Hilfe und Tipps gegen Hacker

[Xandor]

Hallo zusammen,

ich bin im Moment dabei an einem größeren Projekt zuarbeiten welches auf dem PHPBB 3.0.2 Forum aufbaut. Nun habe ich in einigen Foren gelesen, auch von anderen Foren-Software, das es in letzter Zeit wieder eine Welle von Scans gibt um Zutritt zu diversen Foren und Seiten zu bekommen.

Nun würde mich interessieren welchen Sicherheits Tipps gibt es alles um es den Hackern zu erschweren sein mit viel Liebe und Schweiß aufgebautes Forum zu hacken. Das man Backups macht, immer fleißig updatet, richtige Passwörter nutzt und keine einfachen Namen setze ich jetzt mal voraus.

Ich habe für PhPBB 2.0 gelesen das /admin Verzeichnis mit einer .htaccess Datei zu sichern, funktioniert das auch bei PhPbb 3.0 für das /adm Verzeichnis?

Und welche Möglichkeiten gibt es sonst noch?

Hilft es wirklich viel das man HTML komplett im Forum verbietet? Wenn ja wie bzw wo stellt man dies ein?

Und wie sieht das mit dem verschieben der config.php in einen anderen neuen Ordner aus? Und die alte config.php einfach durch eine neue ersetzen.

Code: Alles auswählen

<?php
require_once('/absoluter/pfad/zum/ort/deiner/wahl/config.php'); 

Hilft das auch?

Das größte Sicherheitsrisiko sind für mich noch immer die Hacks und Scripte die man sich so mit der Zeit einbaut. Besonders für nicht Coder wie mich ist es sehr schwer bis unmöglich diese Dinge von der Sicherheitsstufe her ein zu schätzen. Gibt es eine Seite die Hacks und Codes auch auf Sicherheit hin überprüft oder zumindest eine Bewertung/Empfehlung dafür ab gibt?

Das sind jetzt erstmal so meine Überlegungen zum Thema Sicherheit. Leider habe ich im Deutschen Teil von PhPBB 3.0 noch nciht soviel zu dem Thema gefunden und ich würde mich freuen wenn man eventuell einen Guide zusammen stellen könnte um allen Anwendern auch den "Noobs" es ermöglichen kann ein sichereres Forum zu haben.

Gruß Xandor

[Xandor]

Im VBulletin Board gibt es eine Einstellung um Accounts vorm löschen zu schützen. Ich denke das ist eine sehr gute Möglichkeit da ja viele Hacker die Admin Accounts löschen um sich möglichst lange auf der Seite zu bleiben.

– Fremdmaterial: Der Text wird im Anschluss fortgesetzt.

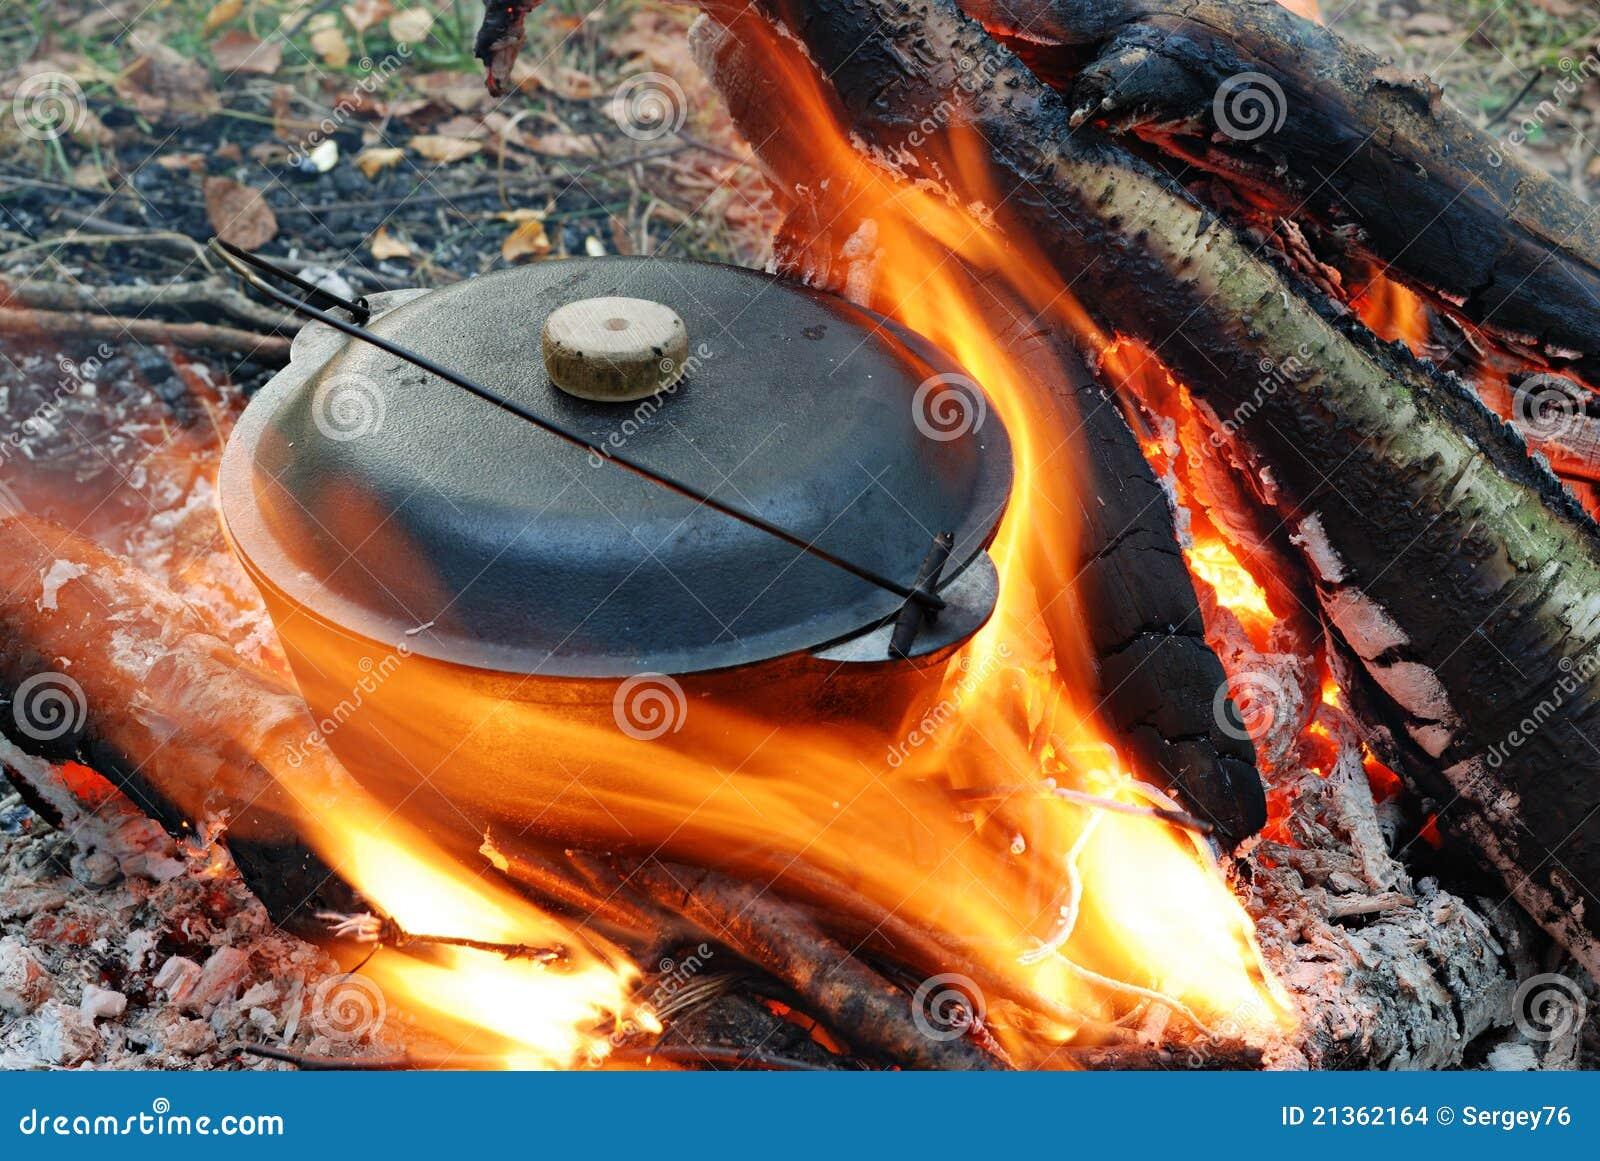 Lägerbrandkruka
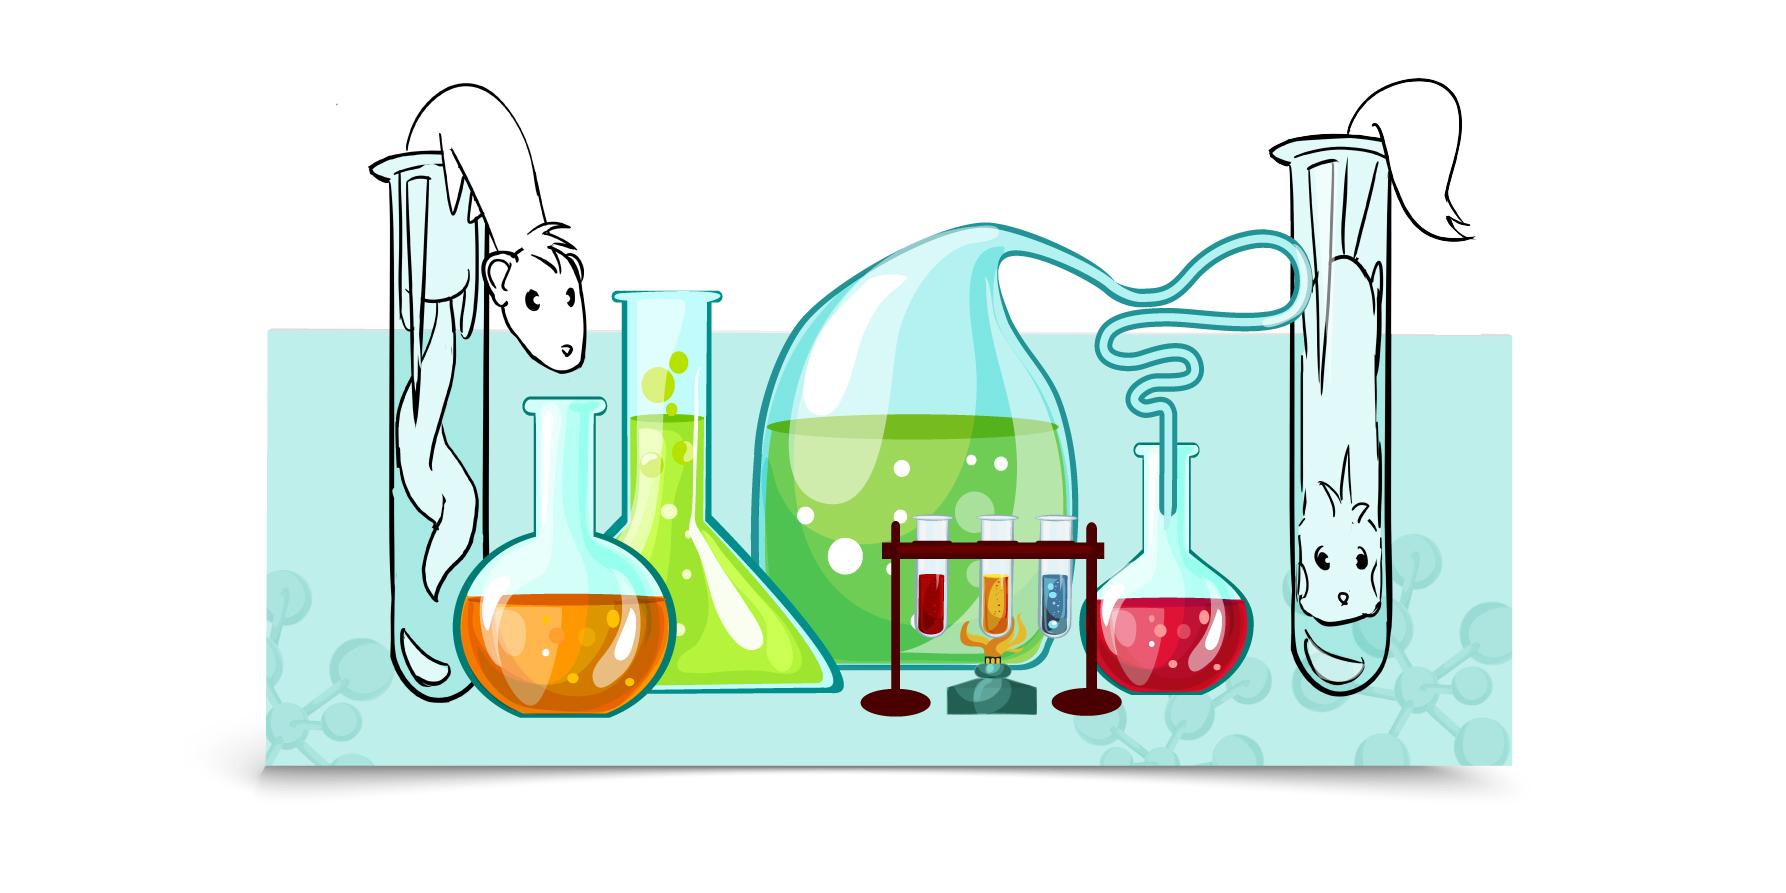 jane-et-bernie-illustrations-furet-company-furet-lab

Im VBulletin Board sieht das so aus:

Code: Alles auswählen

$config['SpecialUsers']['undeletableusers'] = '1';

wobei 1 die ID des Accounts ist.

Gibt es sowas in der Art auch bei PhPBB 3.0 ?

[Xandor]

Wie es aus schaut interessiert es hier nicht viele über das Thema Sicherheit sich aus zu tauschen und auch Anfängern die Möglichkeit zu bieten Ihr Forum sicherer zu machen. Also fange ich mal an und schreib hier meine Erfahrungen nieder.

Das A und O sollten natürlich immer richtige Passwörter sein. Also keine Namen oder Geburtstage von Freunden, Verwanden etc. Ein Link für nen Passwort Generator folgt später.

Auch sollten die Passwort Vorgaben für eure Nutzer etwas hoch geschraubt werden. Also am besten sollten Sonderzeichen genutzt werden.
Die Einstellung dazu findet Ihr unter:
ACP -> Allgemein -> Registrierung -> Passwort-Komplexität

Dazu gehört ebenfalls das man sein Forum immer up-to-date hält. Im Moment ist das Version 3.0.2.


Also als erstes habe ich die config.php in ein anderes Verzeichnis verschoben.

und im root Verzeichnis des Forums eine neue config.php eingefügt.

Code: Alles auswählen

<?php
require_once('/absoluter/pfad/zum/ort/deiner/wahl/config.php'); 
?>

Desweiteren haben ich das Verzeichnis /adm mit einem .htaccess Passwort geschützt. Dadurch muss man jedesmal wenn man das erste mal von seinem Rechner auf den Adminbereich zu greift ein weiteres Passwort eingeben.

Weitere Tipps schreibe ich hier sobald ich neue gefunden habe. Ich würde mich natürlich freuen wenn auch mal die Profis sich hier äußern würden.

Gruß Xandor

[Boecki91]

phpBB.com prüft die Mods relativ gut, allerdings bei weitem nicht so genau wie phpBB3 selbst.

Zur config.php wäre noch zu sagen das es möglichst außerhalb deines Webspace verschoben werden sollte, dafür muss man allerdings die Hilfe des Hosters in Anspruch nehmen.